Crazy!
Katie Beth and I can both attest to this. She has seven (yes 7) younger siblings, and I have four. It's a good thing I love kids, because wow, it looks like I plan on working with them some day!
Oddly enough, kids (or students, as I should really call the children I'm teaching) bring out the weirdness in me, the eccentricities that are almost embarrassing. I find myself saying things like, "Let's do this for the halibut, because we like fish!" (a saying I got from another crazy, beloved teacher) or things like, "As much as you guys like each other, it's not appropriate to hang all over one another," (to a couple of middle school boys who can't stop messing around with each other), or taking my baton (because I teach music) and balancing it on my nose, point down while I'm waiting for the students to notice that I'm trying to get them quiet so we can either start the day or continue with whatever we were doing before they got distracted.
I've also been known to completely lick my baton, suck on the handle, and then stick it in my armpit and scratch my back in front of the kids on several different occasions just to get them to quit touching it. Oh the awesome ideas I get from my cooperating teacher.
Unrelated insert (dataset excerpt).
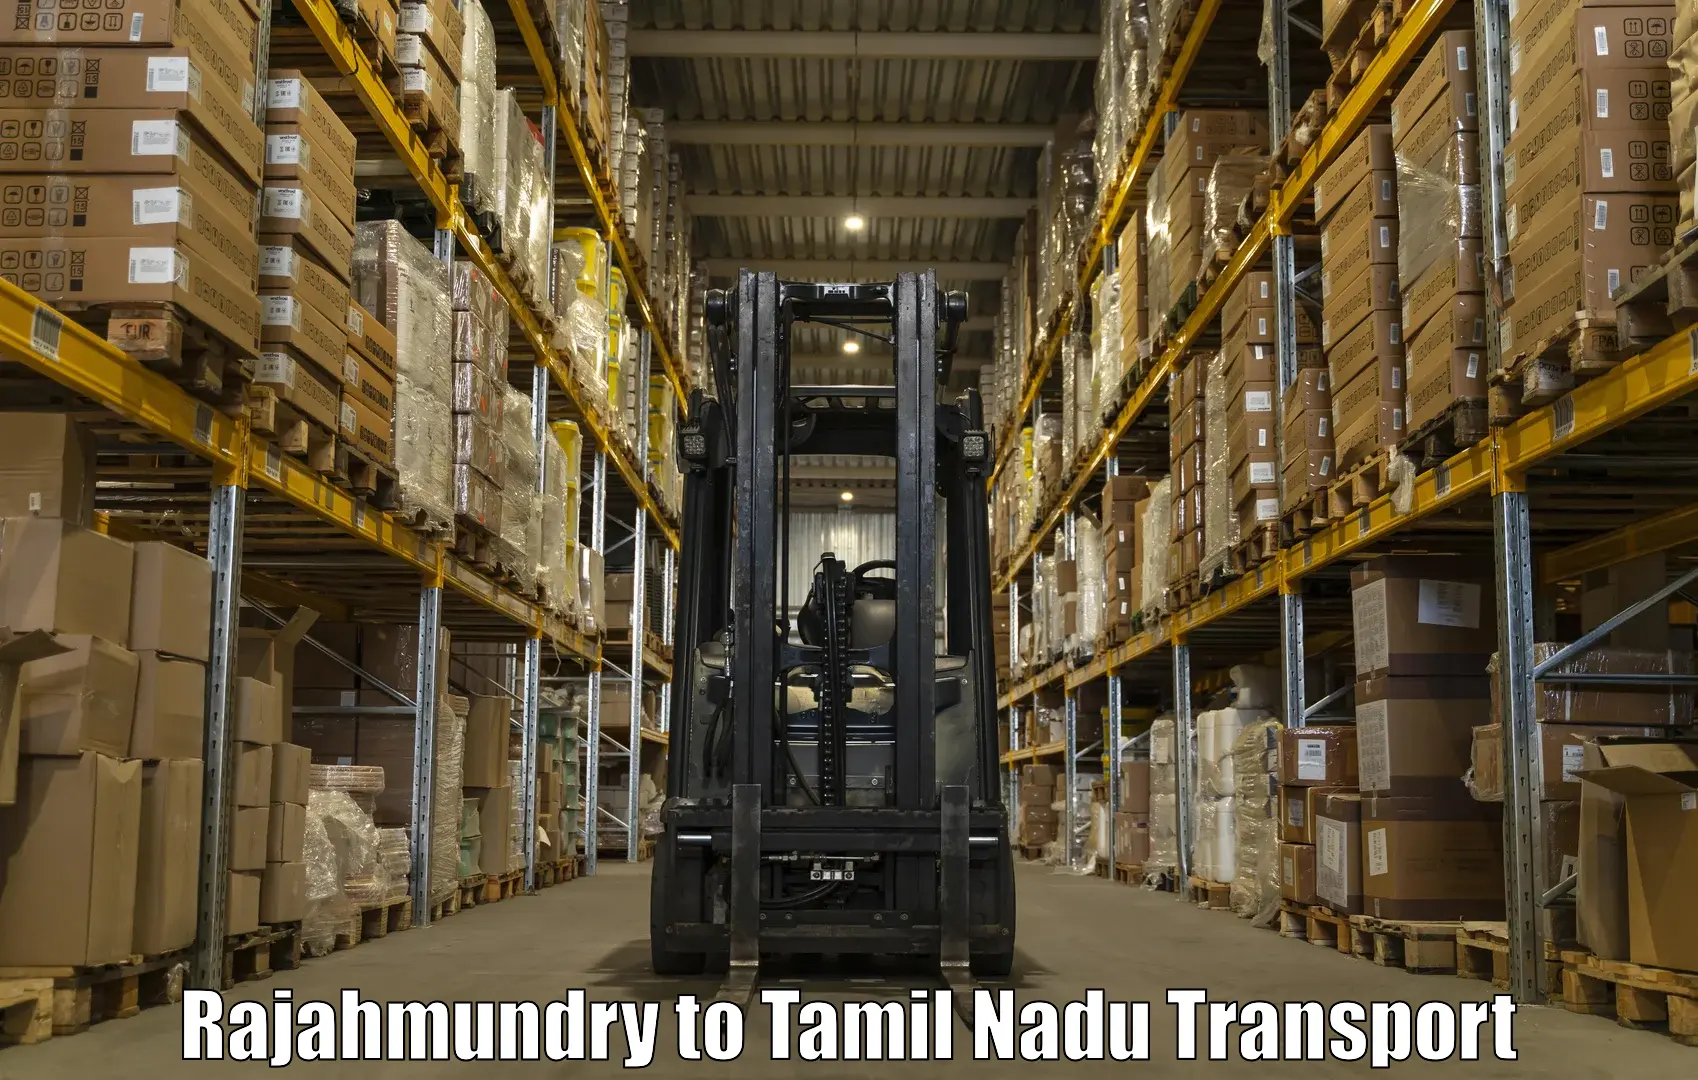 India truck logistics services Rajahmundry to Muthukulathur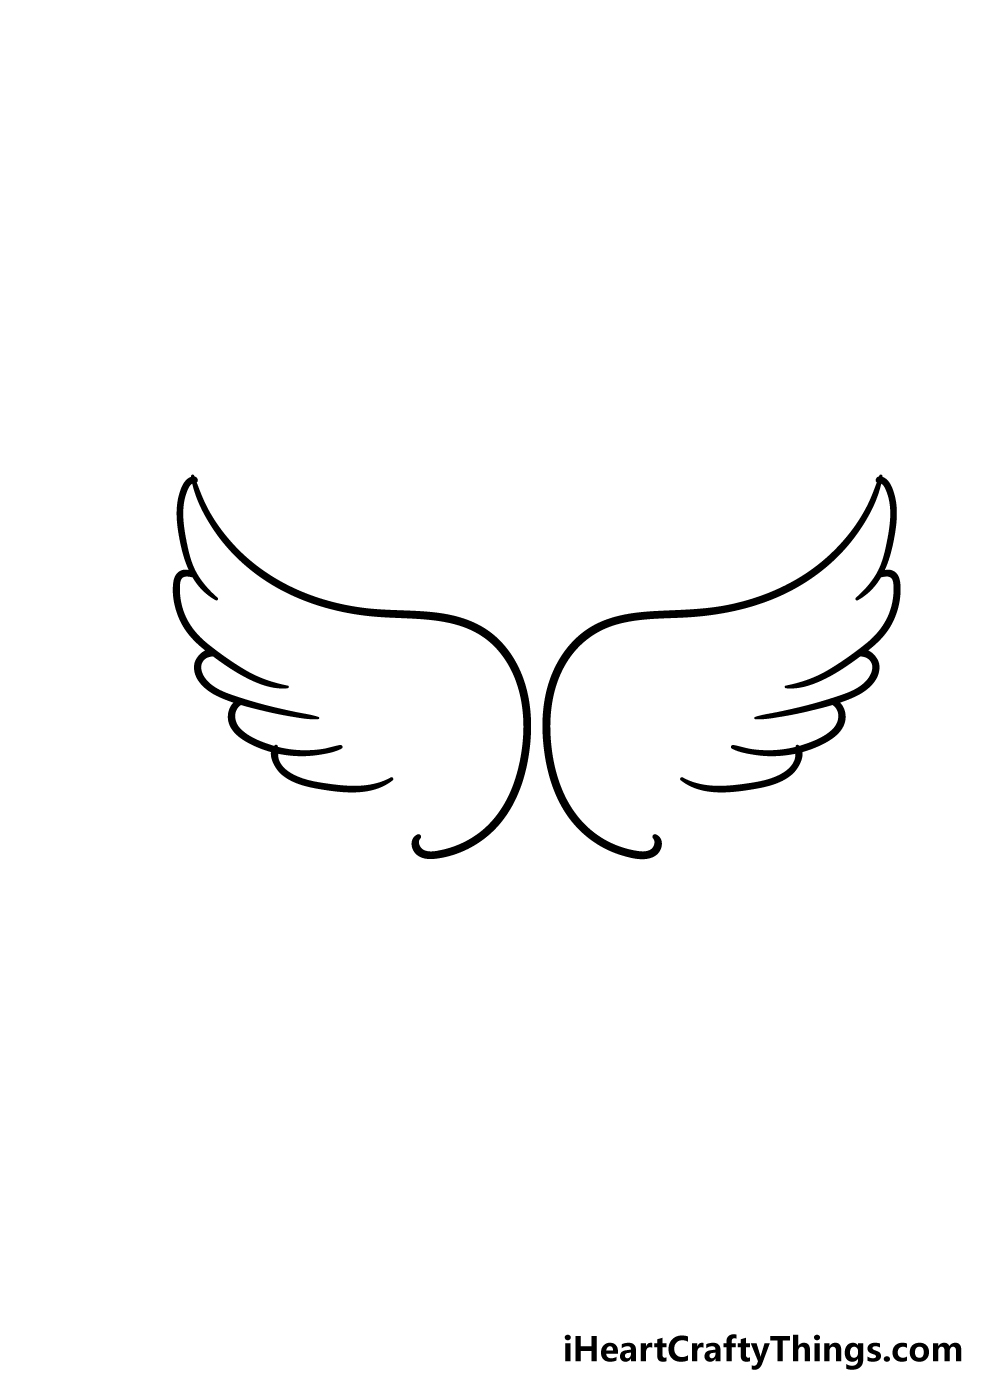 Angel Wings Easy To Draw - KibrisPDR

The weirdness last night was very obvious however, not with my students, but with my six-year-old little sister, LA, who decided that she would use Mom's camera (I'm living at home during my student teaching) to take pictures of me while we were waiting for my other little sister, MA, so they could watch a short movie.
Behold:
Me being normal:
Me pondering being weird:
Me trying to scare LA:
Yeah...
~H
Michael's right. That's terrifying. But not as terrifying as the time your mom shot us with the Nerf gun.